И вздохнула деревня и прониклась песней…
Когда расходились, сам слышал, как мужики и женщины толковали: „Вот уж спели так спели! Ах…“»
Кажется, мы все спели с ним последний раз. Песня кончилась. И уже некому устыдить нас: «Да как же это можно забыть?!» И некому отозваться…
Разве устанут от чужого голоса и чужого мира читатели вот этой книжки и памятью рода и любви, терпеливой памятью крови стряхнут наваждение и вспомнят, чьи они дети, и Василий Макарович, навеки дарованный сын и брат наш, улыбнется оттуда: «Жить будем…»
Валентин Курбатов
Рассказы
Критики
Деду было семьдесят три, Петьке, внуку, – тринадцать. Дед был сухой и нервный и страдал глухотой. Петька, не по возрасту самостоятельный и длинный, был стыдлив и упрям. Они дружили.
Больше всего на свете они любили кино. Половина дедовой пенсии уходила на билеты. Обычно, подсчитав к концу месяца деньги, дед горько и весело объявлял Петьке:
– Ухайдакали мы с тобой пять рубликов.
Петька для приличия делал удивленное лицо.
– Ничего, прокормют, – говорил дед (имелись в виду отец и мать Петьки. Дед Петьке доводился по отцу). – А нам с тобой это для пользы.
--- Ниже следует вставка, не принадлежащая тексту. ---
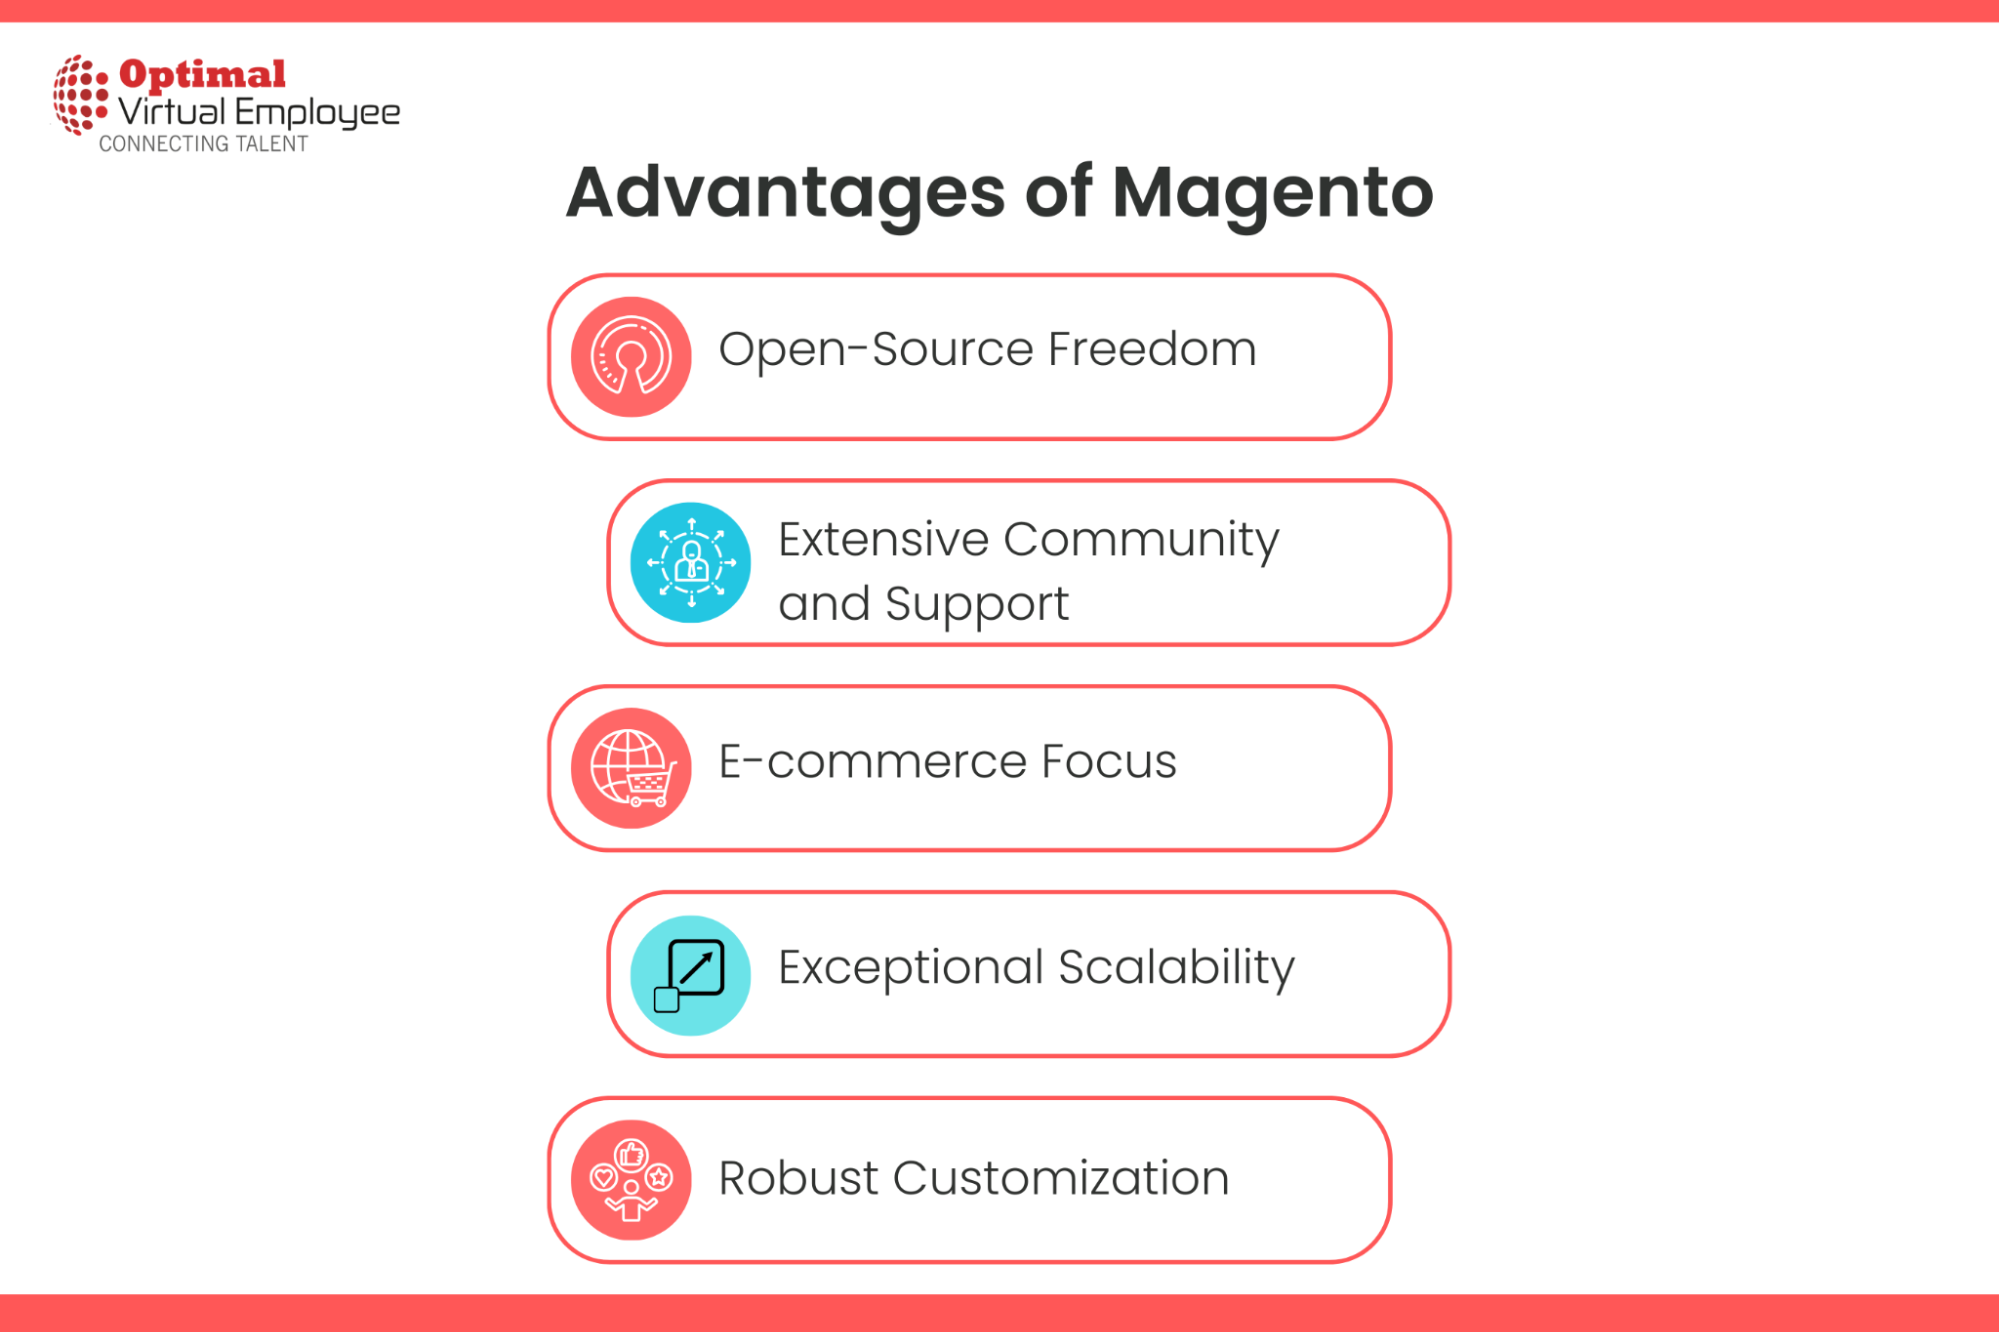 Why use Magento

Садились всегда в первый ряд: дешевле, и потом там дед лучше слышал. Но все равно половину слов он не разбирал, а догадывался по губам актеров. Иногда случалось, что дед вдруг ни с того ни с сего начинал хохотать. А в зале никто не смеялся. Петька толкал его в бок и сердито шипел:
– Ты чего? Как дурак…
– А как он тут сказал? – спрашивал дед.
Петька шепотом пересказывал деду в самое ухо:
– Не снижая темпов.
– Хе-хе-хе! – негромко смеялся дед уже над собой. – А мне не так показалось.
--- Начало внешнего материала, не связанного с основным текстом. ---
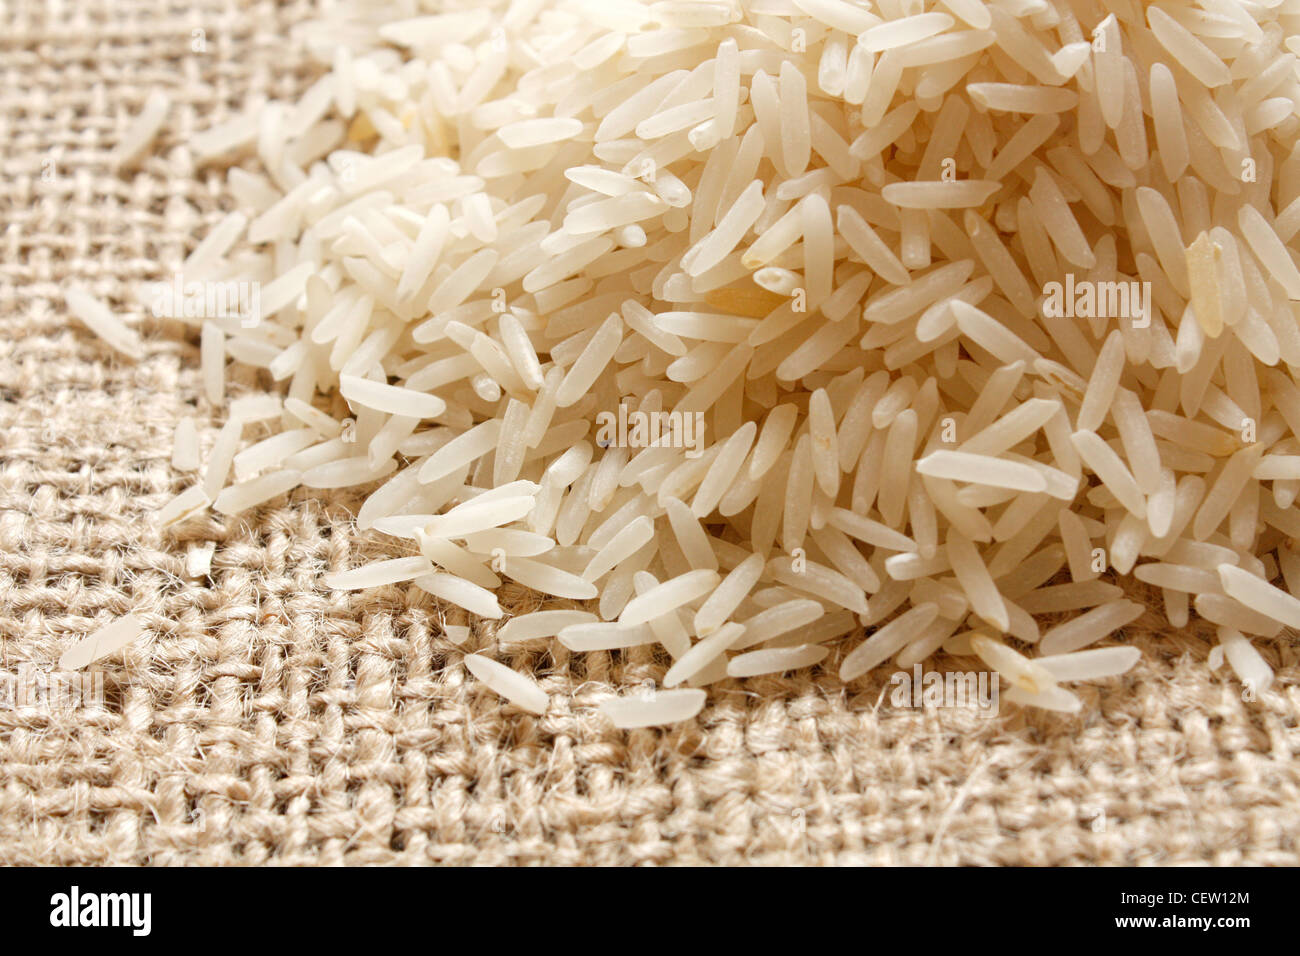 Basmati rice in a heap Stock Photo

Иногда дед плакал, когда кого-нибудь убивали невинного.
– Эх вы… люди! – горько шептал он и сморкался в платок.
Вообще он любил высказаться по поводу того, что видел на экране. Когда там горячо целовались, например, он усмехался и шептал:
– От черти!.. Ты гляди, гляди… Хэх!
Если дрались, дед, вцепившись руками в стул, напряженно и внимательно следил за дракой (в молодости, говорят, он охотник был подраться. И умел).
– Нет, вон тот не… это… слабый. А этот ничего, верткий.
Впрочем, фальшь чуял.
– Ну-у, – обиженно говорил он, – это они понарошке.
– Так кровь же идет, – возражал Петька.
– Та-а… кровь. Ну и что? Нос, он же слабый: дай потихоньку, и то кровь пойдет. Это не в том дело.
– Ничего себе не в том!
– Конечно, не в том.
На них шикали сзади, и они умолкали.
Спор основной начинался, когда выходили из клуба. Особенно в отношении деревенских фильмов дед был категоричен до жестокости.
– Хреновина, – заявлял он. – Так не бывает.
– Почему не бывает?
– А что, тебе разве этот парень глянется?
– Какой парень?
– С гармошкой-то. Который в окно-то лазил.
– Он не лазил в окно, – поправлял Петька; он точно помнил все, что происходило в фильме, а дед путал, и это раздражало Петьку. – Он только к окну лез, чтобы спеть песню.
– Ну, лез. Я вон один раз, помню, полез было…
– А что, он тебе не глянется?
– Кто?
– Кто-кто!.. Ну парень-то, который лез-то. Сам же заговорил про него.